■ **What this task involves**: Taking the listing below, restate word for word each line from the line with "Cuscino da esterno" to the line with "Helt nye gummi", ends included, and stop there.

· · · · ·

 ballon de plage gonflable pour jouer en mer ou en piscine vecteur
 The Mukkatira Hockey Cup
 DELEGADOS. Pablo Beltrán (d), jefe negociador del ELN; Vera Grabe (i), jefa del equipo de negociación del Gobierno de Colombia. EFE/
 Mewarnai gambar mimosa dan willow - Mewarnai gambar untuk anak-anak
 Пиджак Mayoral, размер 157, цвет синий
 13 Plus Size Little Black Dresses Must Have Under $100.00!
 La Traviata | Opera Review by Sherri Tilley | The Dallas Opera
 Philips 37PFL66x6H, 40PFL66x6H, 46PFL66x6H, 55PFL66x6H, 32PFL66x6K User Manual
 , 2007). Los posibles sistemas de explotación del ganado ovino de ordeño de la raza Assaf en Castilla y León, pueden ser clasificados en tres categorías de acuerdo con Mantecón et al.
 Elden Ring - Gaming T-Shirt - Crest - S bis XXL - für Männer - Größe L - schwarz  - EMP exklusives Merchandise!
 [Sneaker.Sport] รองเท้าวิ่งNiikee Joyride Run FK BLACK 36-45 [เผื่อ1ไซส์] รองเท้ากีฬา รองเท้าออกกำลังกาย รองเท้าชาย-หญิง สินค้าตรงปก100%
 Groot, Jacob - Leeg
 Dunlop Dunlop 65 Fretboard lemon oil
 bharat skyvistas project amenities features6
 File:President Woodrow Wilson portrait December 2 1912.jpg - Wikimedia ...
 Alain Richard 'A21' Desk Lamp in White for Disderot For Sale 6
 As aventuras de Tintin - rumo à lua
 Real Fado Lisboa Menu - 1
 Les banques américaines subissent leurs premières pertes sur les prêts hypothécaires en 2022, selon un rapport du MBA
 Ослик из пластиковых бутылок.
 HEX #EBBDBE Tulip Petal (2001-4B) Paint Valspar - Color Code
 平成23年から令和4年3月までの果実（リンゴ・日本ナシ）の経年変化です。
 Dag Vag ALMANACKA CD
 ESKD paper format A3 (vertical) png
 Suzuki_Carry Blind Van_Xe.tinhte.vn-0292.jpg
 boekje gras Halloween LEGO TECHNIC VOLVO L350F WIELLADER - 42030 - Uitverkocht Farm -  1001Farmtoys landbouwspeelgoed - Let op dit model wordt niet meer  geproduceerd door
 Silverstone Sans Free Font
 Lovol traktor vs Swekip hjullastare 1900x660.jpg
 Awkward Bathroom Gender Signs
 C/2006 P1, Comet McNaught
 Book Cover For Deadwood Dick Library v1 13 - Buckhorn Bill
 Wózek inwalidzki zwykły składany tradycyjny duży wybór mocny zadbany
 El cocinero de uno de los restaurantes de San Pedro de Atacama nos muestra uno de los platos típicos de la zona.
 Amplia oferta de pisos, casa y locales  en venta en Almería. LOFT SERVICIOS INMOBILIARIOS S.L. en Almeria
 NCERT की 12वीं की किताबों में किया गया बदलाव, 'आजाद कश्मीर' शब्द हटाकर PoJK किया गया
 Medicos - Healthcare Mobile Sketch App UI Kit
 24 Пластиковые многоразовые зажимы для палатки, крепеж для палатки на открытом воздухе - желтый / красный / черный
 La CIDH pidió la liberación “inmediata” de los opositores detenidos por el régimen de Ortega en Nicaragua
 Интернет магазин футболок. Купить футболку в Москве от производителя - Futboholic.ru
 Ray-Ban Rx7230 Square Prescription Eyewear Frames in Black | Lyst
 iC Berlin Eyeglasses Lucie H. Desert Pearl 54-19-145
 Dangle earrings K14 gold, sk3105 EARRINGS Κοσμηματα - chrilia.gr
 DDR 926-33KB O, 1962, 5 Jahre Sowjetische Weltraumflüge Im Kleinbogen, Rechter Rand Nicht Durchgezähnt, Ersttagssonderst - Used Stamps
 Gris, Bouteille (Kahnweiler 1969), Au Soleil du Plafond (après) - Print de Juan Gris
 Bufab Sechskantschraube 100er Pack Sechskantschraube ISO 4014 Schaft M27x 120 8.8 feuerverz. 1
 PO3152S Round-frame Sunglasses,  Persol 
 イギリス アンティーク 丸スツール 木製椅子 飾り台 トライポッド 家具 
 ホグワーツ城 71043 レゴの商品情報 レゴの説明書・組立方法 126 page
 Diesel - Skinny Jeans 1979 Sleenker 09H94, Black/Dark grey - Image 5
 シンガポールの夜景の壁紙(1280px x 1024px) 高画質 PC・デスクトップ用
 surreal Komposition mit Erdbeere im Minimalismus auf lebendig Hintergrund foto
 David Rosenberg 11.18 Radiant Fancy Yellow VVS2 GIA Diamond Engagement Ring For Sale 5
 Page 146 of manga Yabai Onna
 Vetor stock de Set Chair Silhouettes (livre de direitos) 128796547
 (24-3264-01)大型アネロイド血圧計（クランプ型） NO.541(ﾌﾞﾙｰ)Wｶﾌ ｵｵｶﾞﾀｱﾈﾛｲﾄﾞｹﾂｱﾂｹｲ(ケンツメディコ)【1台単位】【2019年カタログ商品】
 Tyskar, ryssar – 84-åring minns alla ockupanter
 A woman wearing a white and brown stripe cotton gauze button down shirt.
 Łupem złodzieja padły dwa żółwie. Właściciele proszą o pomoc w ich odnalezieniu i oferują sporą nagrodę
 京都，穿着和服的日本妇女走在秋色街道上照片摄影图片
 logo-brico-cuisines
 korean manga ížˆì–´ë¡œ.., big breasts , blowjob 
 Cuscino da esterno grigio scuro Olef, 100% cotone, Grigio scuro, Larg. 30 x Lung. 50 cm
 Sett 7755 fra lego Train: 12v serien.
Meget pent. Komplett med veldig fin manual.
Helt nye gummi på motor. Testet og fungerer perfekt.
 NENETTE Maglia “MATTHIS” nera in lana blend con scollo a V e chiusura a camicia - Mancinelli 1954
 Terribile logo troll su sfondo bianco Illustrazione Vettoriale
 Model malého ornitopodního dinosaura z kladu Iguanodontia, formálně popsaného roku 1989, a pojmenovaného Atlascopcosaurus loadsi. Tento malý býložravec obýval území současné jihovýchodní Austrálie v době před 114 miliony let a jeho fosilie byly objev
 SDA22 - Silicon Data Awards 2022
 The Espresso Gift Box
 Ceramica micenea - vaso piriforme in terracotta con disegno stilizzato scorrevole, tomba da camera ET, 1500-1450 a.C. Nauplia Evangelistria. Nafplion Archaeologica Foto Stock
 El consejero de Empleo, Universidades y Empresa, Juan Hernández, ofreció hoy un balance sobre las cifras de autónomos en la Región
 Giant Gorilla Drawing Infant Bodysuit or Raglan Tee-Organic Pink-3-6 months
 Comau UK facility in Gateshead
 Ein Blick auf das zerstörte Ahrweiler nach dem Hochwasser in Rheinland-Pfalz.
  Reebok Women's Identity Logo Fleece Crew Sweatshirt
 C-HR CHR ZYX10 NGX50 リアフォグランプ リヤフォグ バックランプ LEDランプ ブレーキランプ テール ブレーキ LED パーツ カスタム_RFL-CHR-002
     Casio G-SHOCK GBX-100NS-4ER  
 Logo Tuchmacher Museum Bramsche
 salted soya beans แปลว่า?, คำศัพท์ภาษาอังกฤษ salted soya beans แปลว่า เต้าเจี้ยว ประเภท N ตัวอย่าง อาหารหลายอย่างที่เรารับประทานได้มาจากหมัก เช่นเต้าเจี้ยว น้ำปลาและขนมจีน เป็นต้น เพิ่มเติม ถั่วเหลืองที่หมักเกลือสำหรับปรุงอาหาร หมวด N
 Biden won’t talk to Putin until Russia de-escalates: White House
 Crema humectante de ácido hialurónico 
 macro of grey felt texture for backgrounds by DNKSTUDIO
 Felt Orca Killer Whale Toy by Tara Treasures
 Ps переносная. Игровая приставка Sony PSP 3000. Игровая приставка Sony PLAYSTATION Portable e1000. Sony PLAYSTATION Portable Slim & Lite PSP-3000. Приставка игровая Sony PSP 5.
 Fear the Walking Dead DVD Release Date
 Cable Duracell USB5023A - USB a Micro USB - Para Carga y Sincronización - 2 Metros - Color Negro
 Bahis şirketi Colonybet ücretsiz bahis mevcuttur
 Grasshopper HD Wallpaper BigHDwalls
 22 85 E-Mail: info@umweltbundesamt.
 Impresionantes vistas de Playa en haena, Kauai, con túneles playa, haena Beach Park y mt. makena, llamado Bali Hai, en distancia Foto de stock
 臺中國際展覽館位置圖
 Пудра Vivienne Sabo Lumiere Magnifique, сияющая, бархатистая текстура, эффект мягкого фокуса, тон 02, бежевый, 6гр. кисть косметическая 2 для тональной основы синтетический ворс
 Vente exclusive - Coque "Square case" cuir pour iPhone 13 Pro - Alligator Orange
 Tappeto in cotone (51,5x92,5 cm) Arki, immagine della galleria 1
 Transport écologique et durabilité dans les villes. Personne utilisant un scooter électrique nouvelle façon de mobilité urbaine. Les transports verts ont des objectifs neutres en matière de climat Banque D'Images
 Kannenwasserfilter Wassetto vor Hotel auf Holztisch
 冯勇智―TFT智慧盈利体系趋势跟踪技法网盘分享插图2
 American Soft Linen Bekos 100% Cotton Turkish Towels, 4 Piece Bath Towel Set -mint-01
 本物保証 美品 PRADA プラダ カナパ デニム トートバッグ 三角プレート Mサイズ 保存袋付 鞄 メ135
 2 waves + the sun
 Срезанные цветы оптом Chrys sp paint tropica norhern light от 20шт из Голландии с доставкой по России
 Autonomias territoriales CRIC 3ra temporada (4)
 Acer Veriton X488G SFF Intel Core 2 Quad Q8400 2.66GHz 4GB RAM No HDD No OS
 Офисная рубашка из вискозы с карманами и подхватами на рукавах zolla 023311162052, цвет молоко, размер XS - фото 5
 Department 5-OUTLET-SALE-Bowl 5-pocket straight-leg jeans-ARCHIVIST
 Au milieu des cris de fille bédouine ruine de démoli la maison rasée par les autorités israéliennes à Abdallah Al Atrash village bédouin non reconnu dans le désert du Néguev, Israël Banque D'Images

· · · · ·

■ **Answer to this task**:
 Cuscino da esterno grigio scuro Olef, 100% cotone, Grigio scuro, Larg. 30 x Lung. 50 cm
 Sett 7755 fra lego Train: 12v serien.
Meget pent. Komplett med veldig fin manual.
Helt nye gummi på motor. Testet og fungerer perfekt.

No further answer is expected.